A while back, I sent you a dispatch from my kids’ elementary school Election Day bake sale in which I shared my ambivalence about this cherished school tradition. I loved the Norman Rockwell-esque buntings and flags and the kids clamoring to work behind the cash register, but I didn’t like seeing so much sugar go into the growing bodies of kids who — looking at the big societal picture — are getting way too much sugar in their diets already. (And as the organizer of the bake sale, I also expressed a little crankiness at being on my feet from dawn to dusk that day, literally.)
But even putting aside concerns about sugar, San Francisco school food reformer Dana Woldow (of PEACHSF.org) recently undertook a careful economic analysis of school bake sales, looking at the cost of ingredients and parent time/labor and questioning whether it’s an effective school fundraiser in the first place. Her findings might surprise you.

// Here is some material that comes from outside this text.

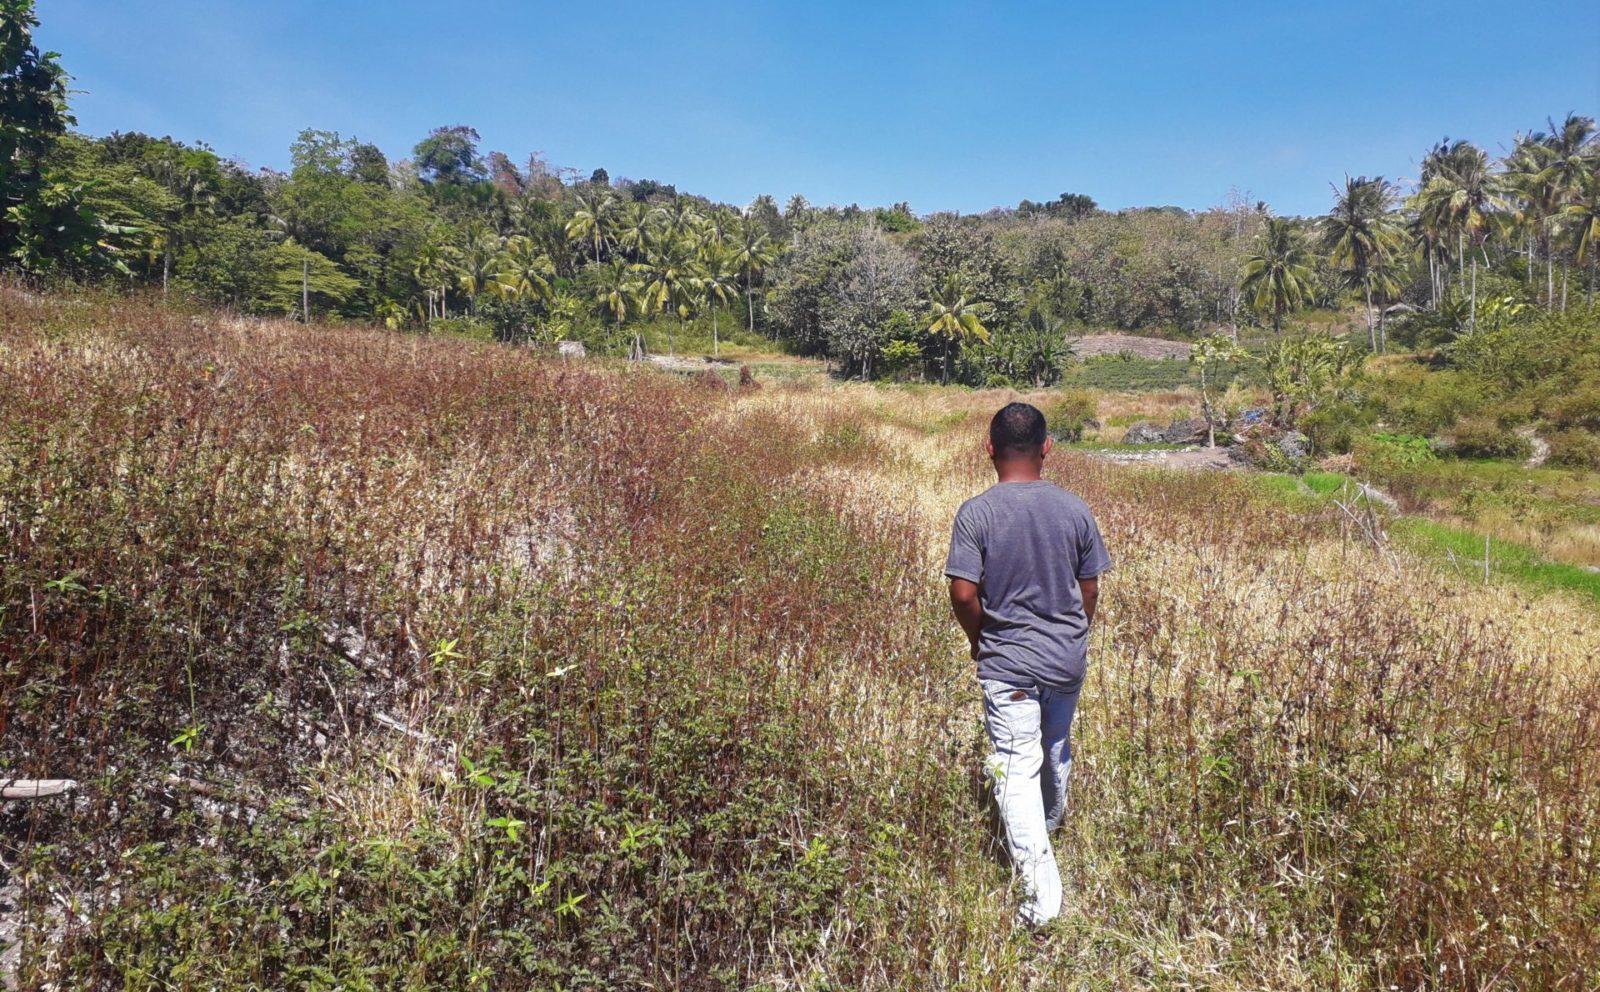 Indonesien Agroforstwirtschaft Mamar

But regardless of the economics, the school bake sale holds a sacred place in the national consciousness that no amount of clear rationality is likely to affect. In late 2010, just before the historic passage of the Healthy Hunger Free Kids Act (which overhauled school meals), Sarah Palin and other politicians stirred up opposition to the legislation by claiming it would bar school bake sales and candy fundraisers. In response, Agriculture Secretary Tom Vilsack actually felt the need to write a letter to Congress to reassure the American public that school bake sales (if conducted after school) were safe from harm.
So, what do you think about all this? Do you think the bake sale tradition should be preserved at all costs? Or do you think rising rates of childhood (and adult) obesity and related diseases will eventually spell the demise of the all-American school bake sale?